▶ Instructions for the task
Please return the listing below word for word, minus its pictures.

*** Opening of Data provided ***

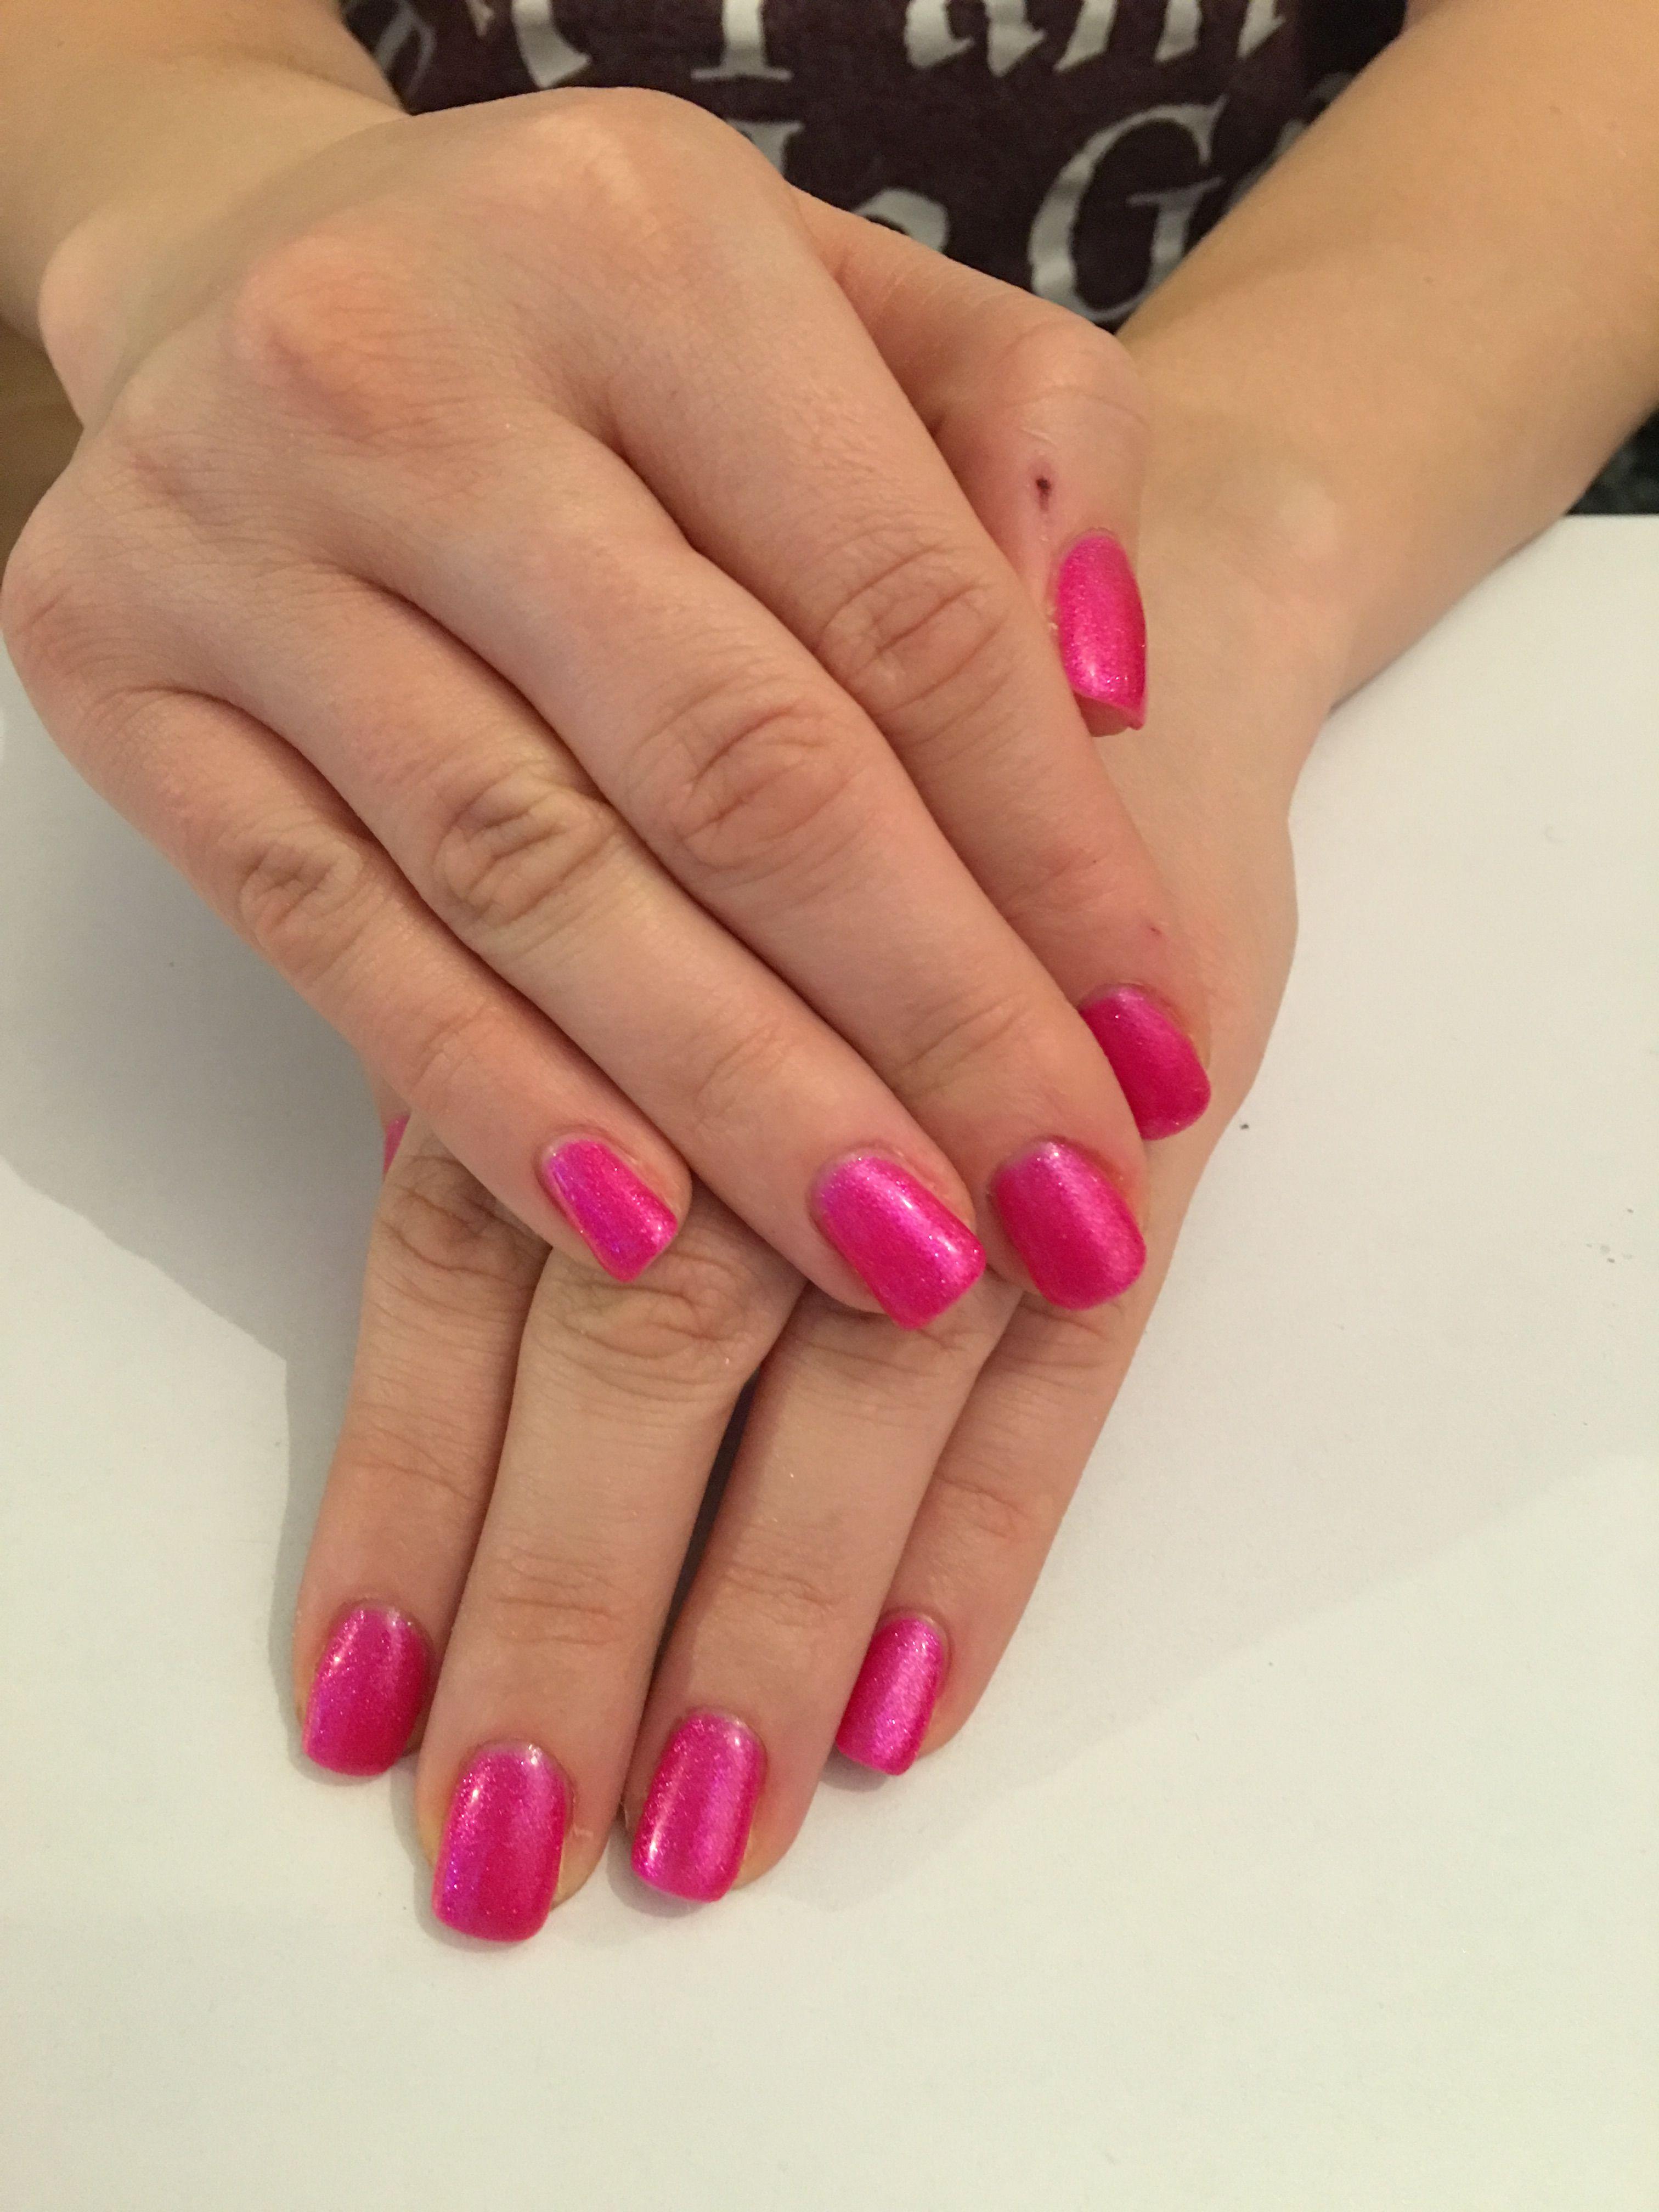 Pin By Poppy Joyner Buchanan On Jessica Geleration Manicures
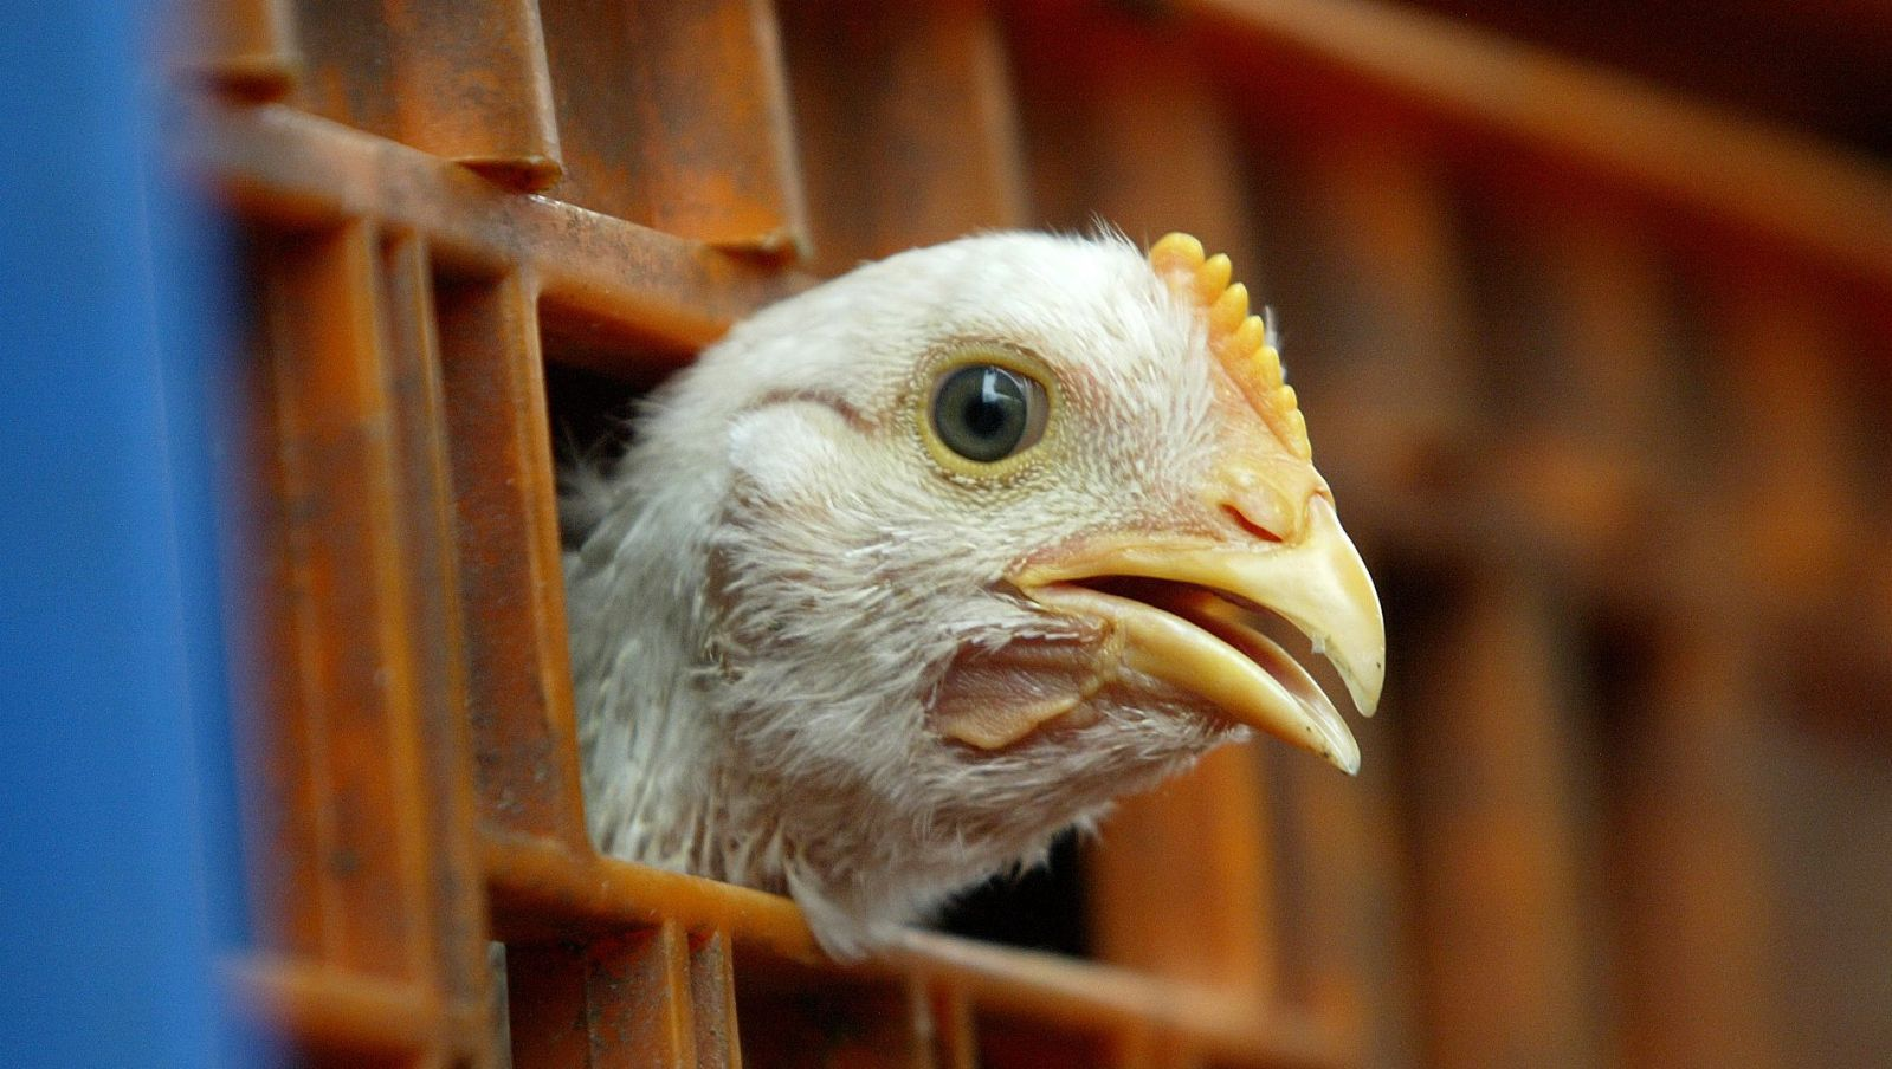 chlorinated chicken - photo #14
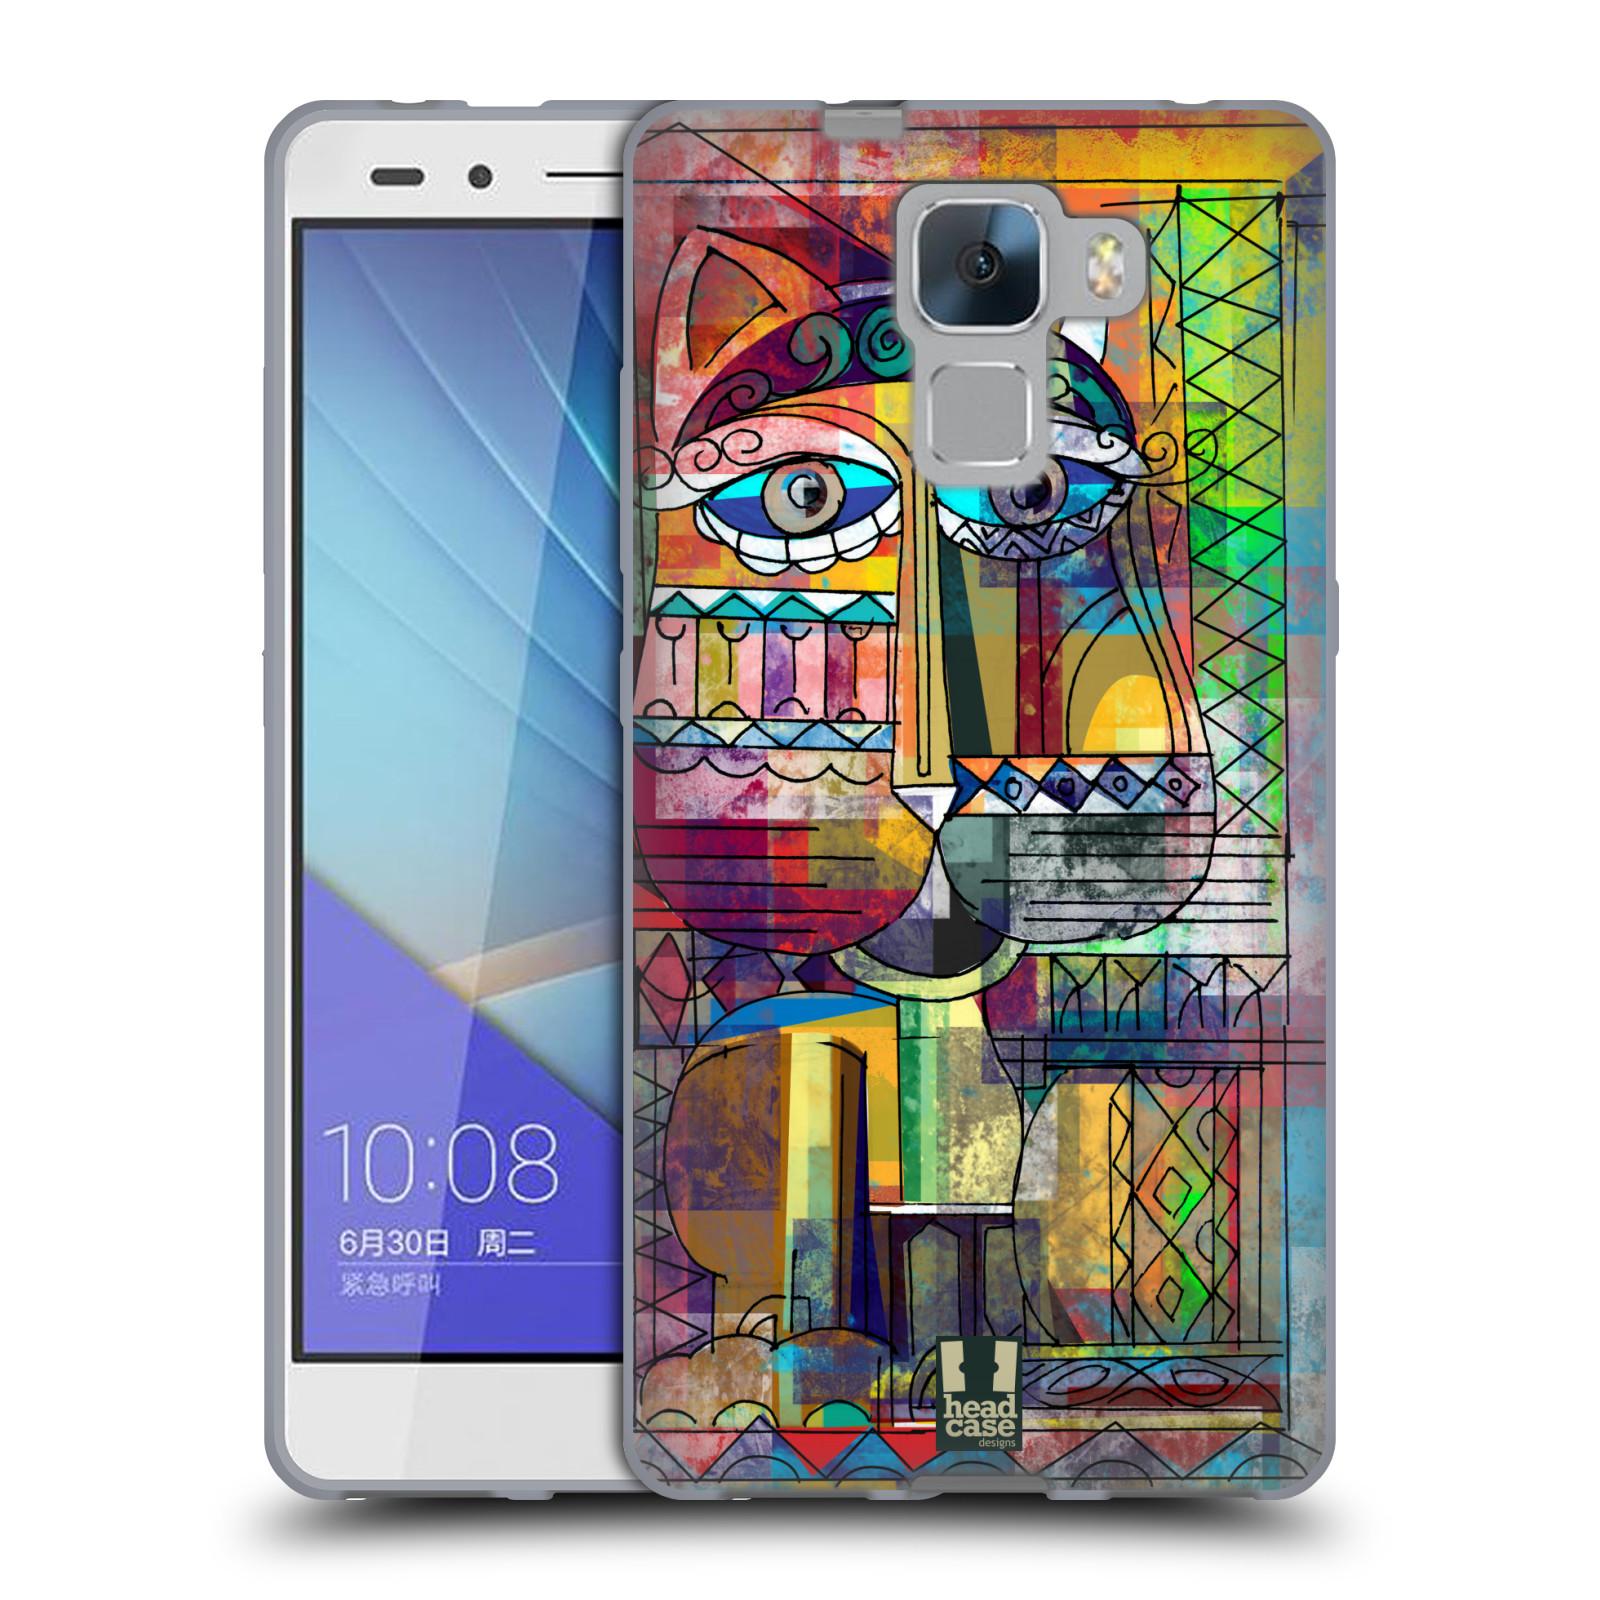 Silikonové pouzdro na mobil Honor 7 HEAD CASE AZTEC KORAT
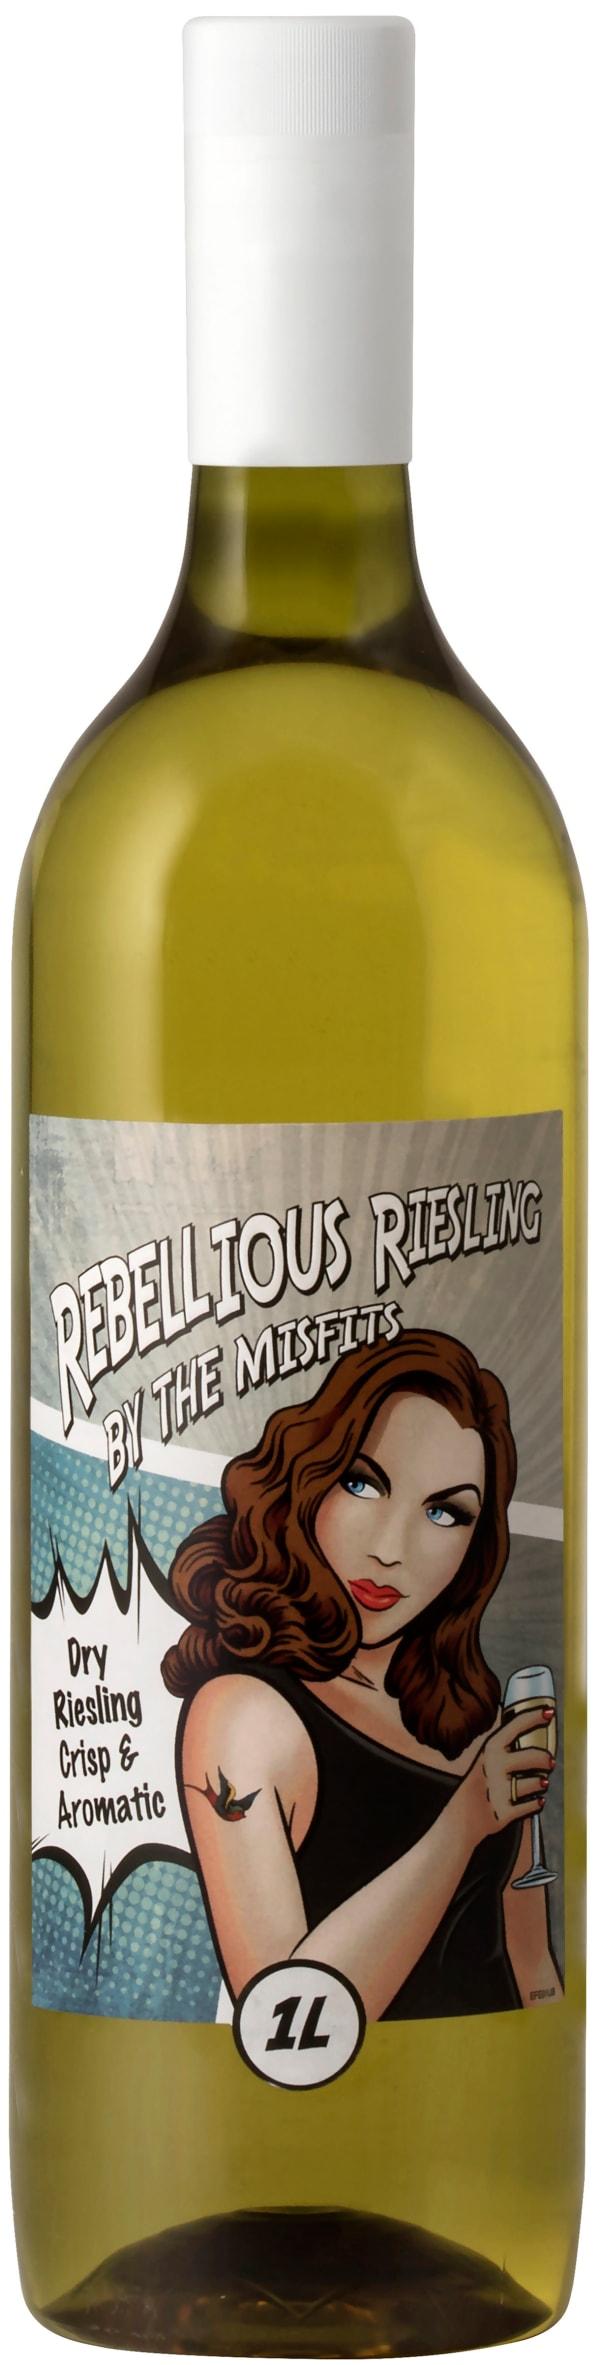 Rebellious Riesling  2019 plastic bottle

*** Close of Data provided ***

▶ Response area
 Pin By Poppy Joyner Buchanan On Jessica Geleration Manicures
 chlorinated chicken - photo #14
 Silikonové pouzdro na mobil Honor 7 HEAD CASE AZTEC KORAT
 Rebellious Riesling  2019 plastic bottle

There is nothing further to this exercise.